Dr. Aparicio explained that professionals being trained serve as facilitators, sharing what they learn in their home territories, ensuring that information, and protocols to be followed, are extended not only to personnel in the Cuban health system, but to the general population, as well.

In this regard, Dr. Guadalupe Guzmán, head of the IPK's Research, Diagnostic and Reference Center, said that thousands of workers in the national health system and also personnel from other sectors have received training on the new coronavirus, which serves to support implementation of the national Covid-19 control and prevention plan.

This effort makes use of the existing network of medical schools and reaches community family doctors' offices - the basic unit of our health system. Likewise, social and mass organizations are holding health hearings and educational talks at workplaces and in neighborhoods, to ensure that all citizens are informed and developing a culture of healthcare and epidemiological awareness, to fully appreciate the danger posed by Covid-19.

In context

The Pedro Kourí Institute of Tropical Medicine (IPK) was founded on December 8, 1937 by Professor Pedro Kourí Esmeja, an eminent Cuban parasitologist, to conduct research primarily in the field of parasitology and tropical medicine, in collaboration with the University of Havana’s school of medicine, and based at Calixto Garcia Hospital.

Notable studies were carried out here, contributing to Dr. Kourí’s international prominence in the field. Findings on the biology of the causal agent of Fasciola, its pathogenic action, diagnosis, prophylaxis and epidemiology, were among the most important.

Taking into account the growing presence of Cuban internationalists in different geographical areas of the planet, in 1979 the country's leadership called upon Dr. Gustavo Kourí Flores (Pedro Kourí's son) to assume the mission of promoting the development of what would be come to be the Pedro Kourí Institute of Tropical Medicine.

The Institute would have its first great challenge facing the national health emergency created by the dengue hemorrhagic fever epidemic in 1981, leaving158 deaths, including 101 children.
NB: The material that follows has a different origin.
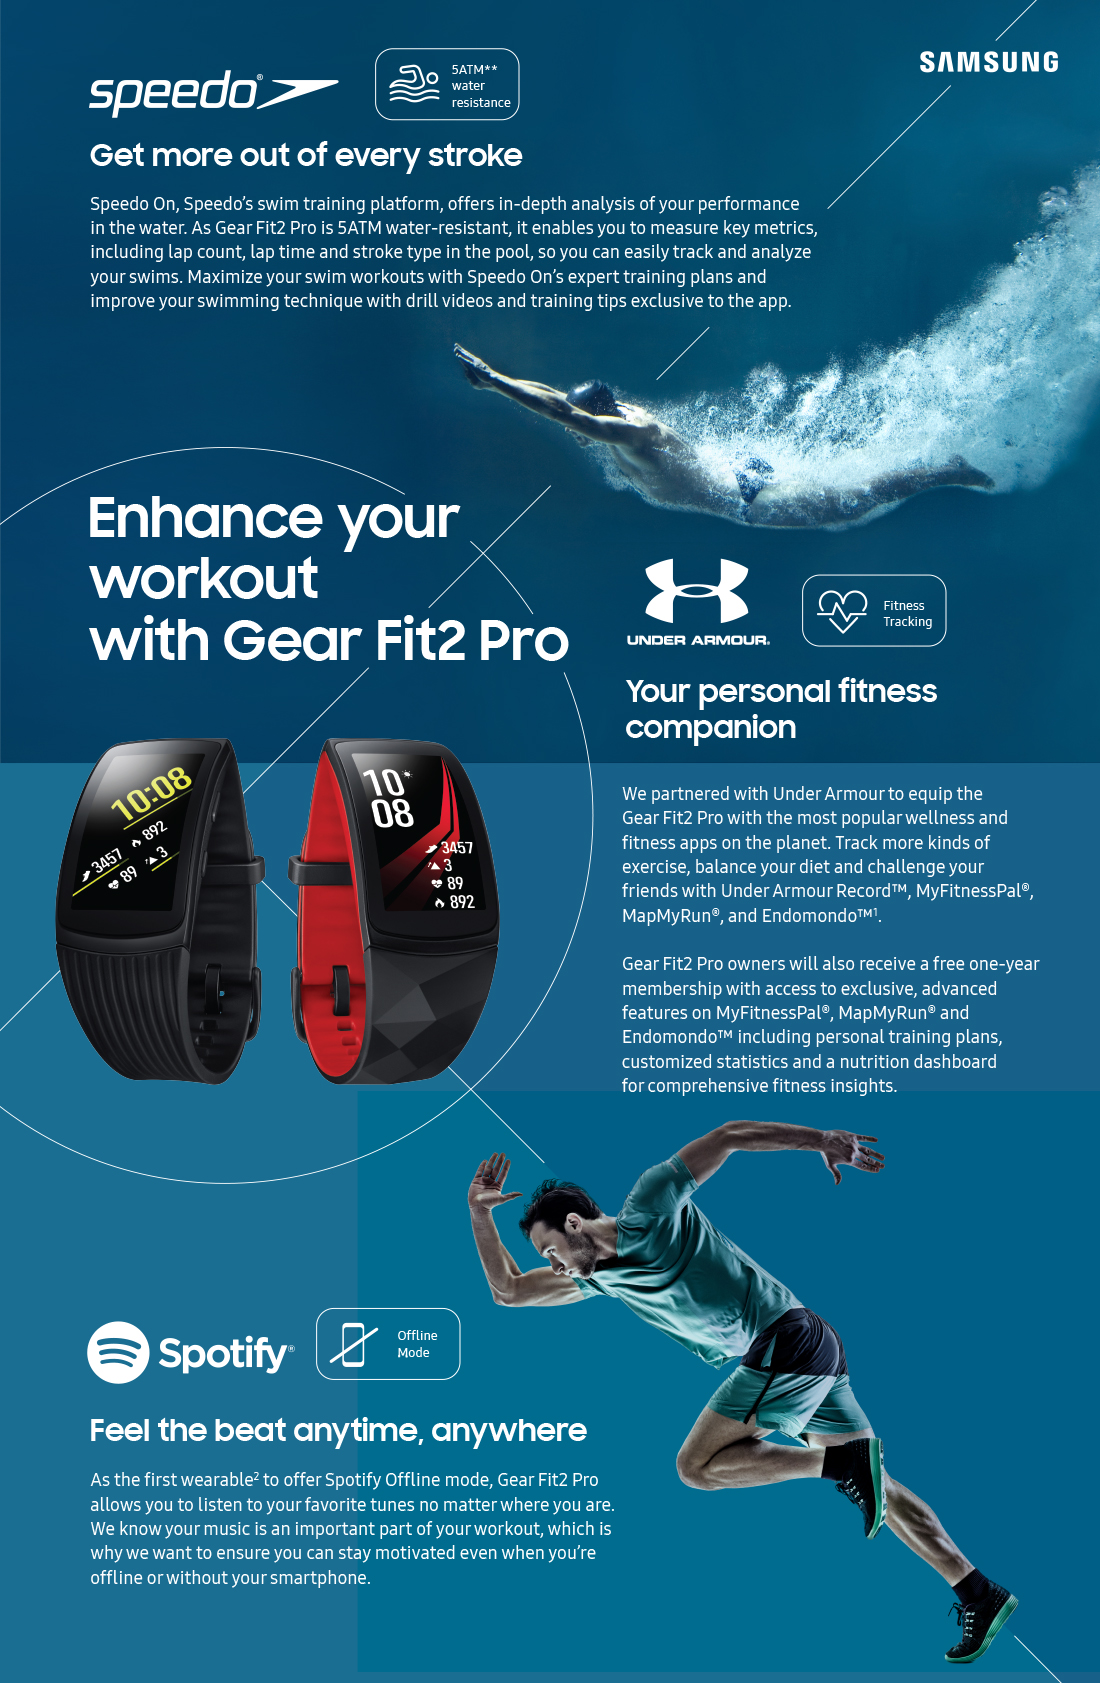 célula jerarquía Invalidez Gear Fit2 Pro Adds Strategic Partnerships for Everyday Athletes – Samsung  Mobile Press
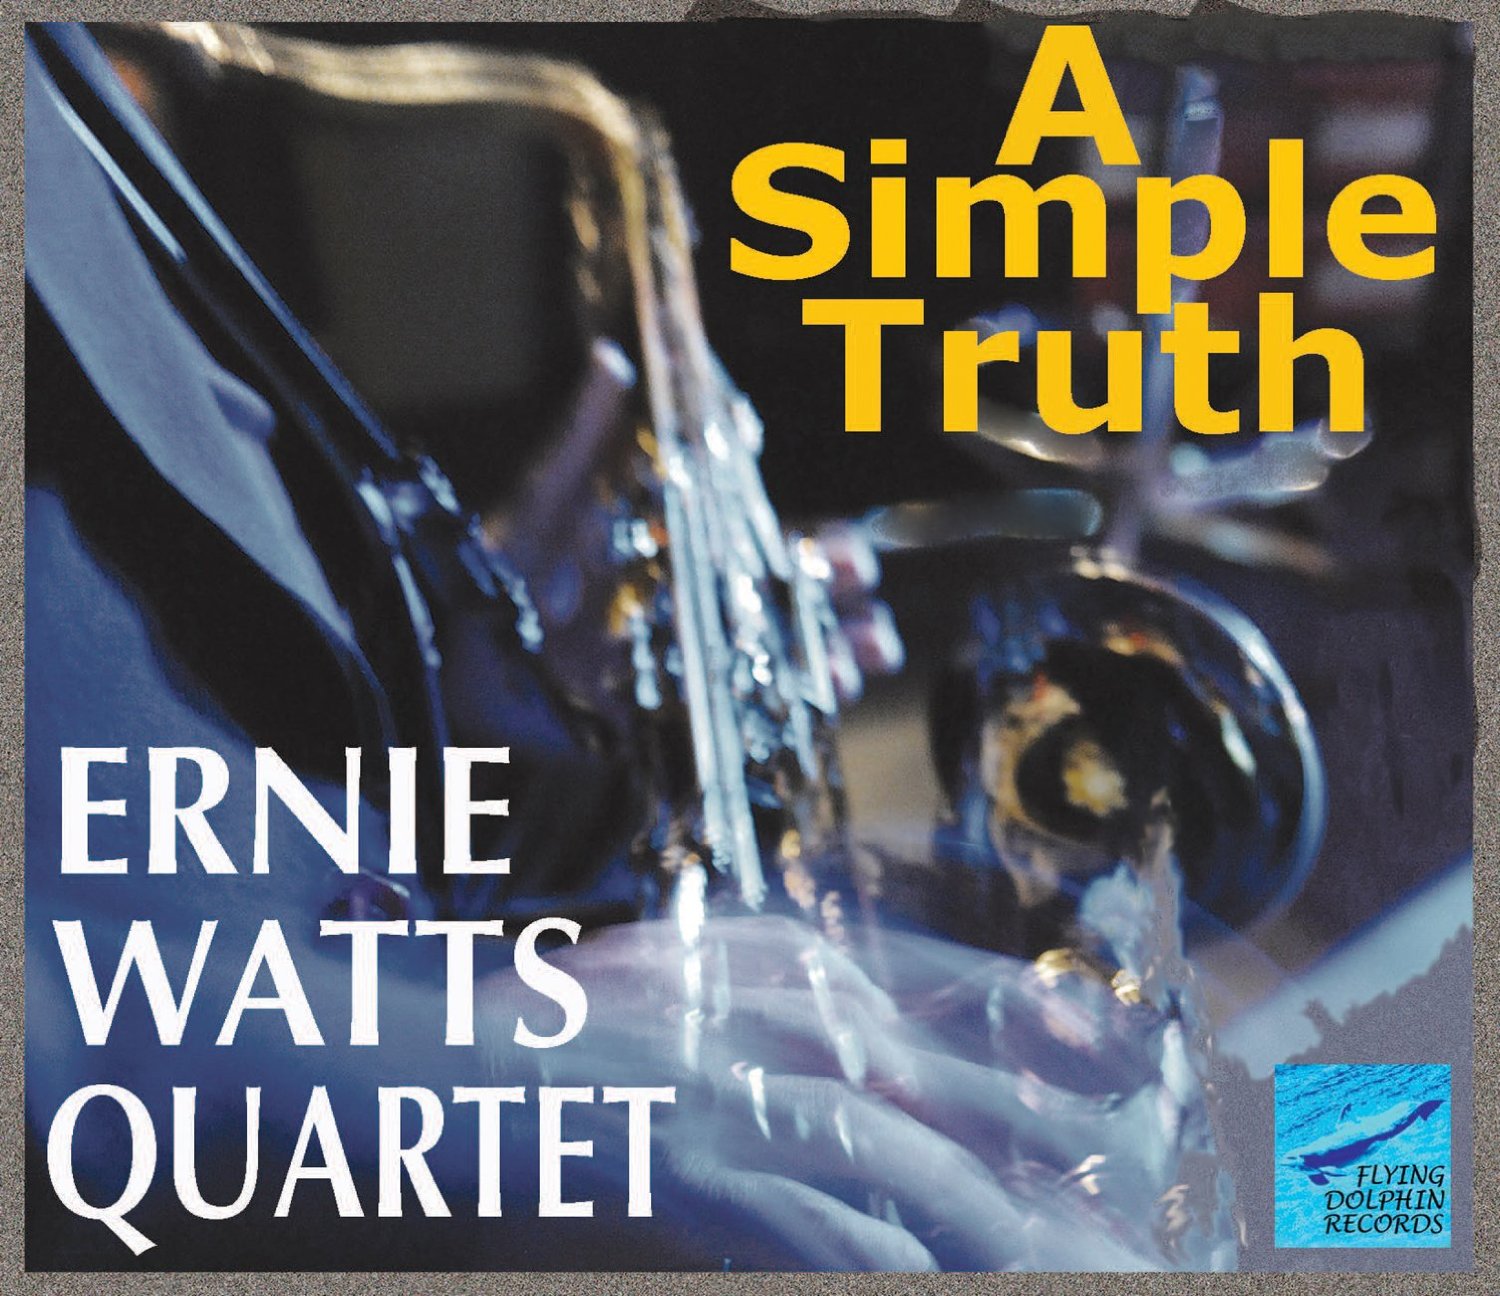 ERNIE WATTS - A Simple Truth cover

Within a short period of time, researchers here were able to isolate the virus that caused the illness (dengue serotype 2), which had never before appeared in our region.

The World Health Organization (WHO) has recognized the IPK as a Collaborating Center for the Study of Dengue and its Vector, and in conjunction with the Pan American Health Organization, a Collaborating Center for the elimination of Tuberculosis.

The IPK has played a vital role in the diagnosis, prevention, control and treatment of various diseases and epidemics that have occurred in Cuba, such as the appearance of HIV/AIDS in the late 1980s - continuing to serve as the national reference center for the diagnosis and treatment of AIDS complications - as well as hemorrhagic conjunctivitis, malaria, neuropathy, viral encephalitis, leptospirosis, h1n1 influenza (2009), cholera (2012) and other dengue outbreaks over the past two decades. Cuban health brigades received intensive training at the IPK, to prepare for their work fighting the Ebola epidemic in Sierra Leone, Liberia and Guinea Conakry (2014).

On October 29, 1993, the current facility was inaugurated by Comandante en jefe Fidel Castro Ruz, who stated that day, "Please do not consider the Pedro Kourí Institute, which we inaugurate today, only as a Cuban institution, but as an institution for humanity."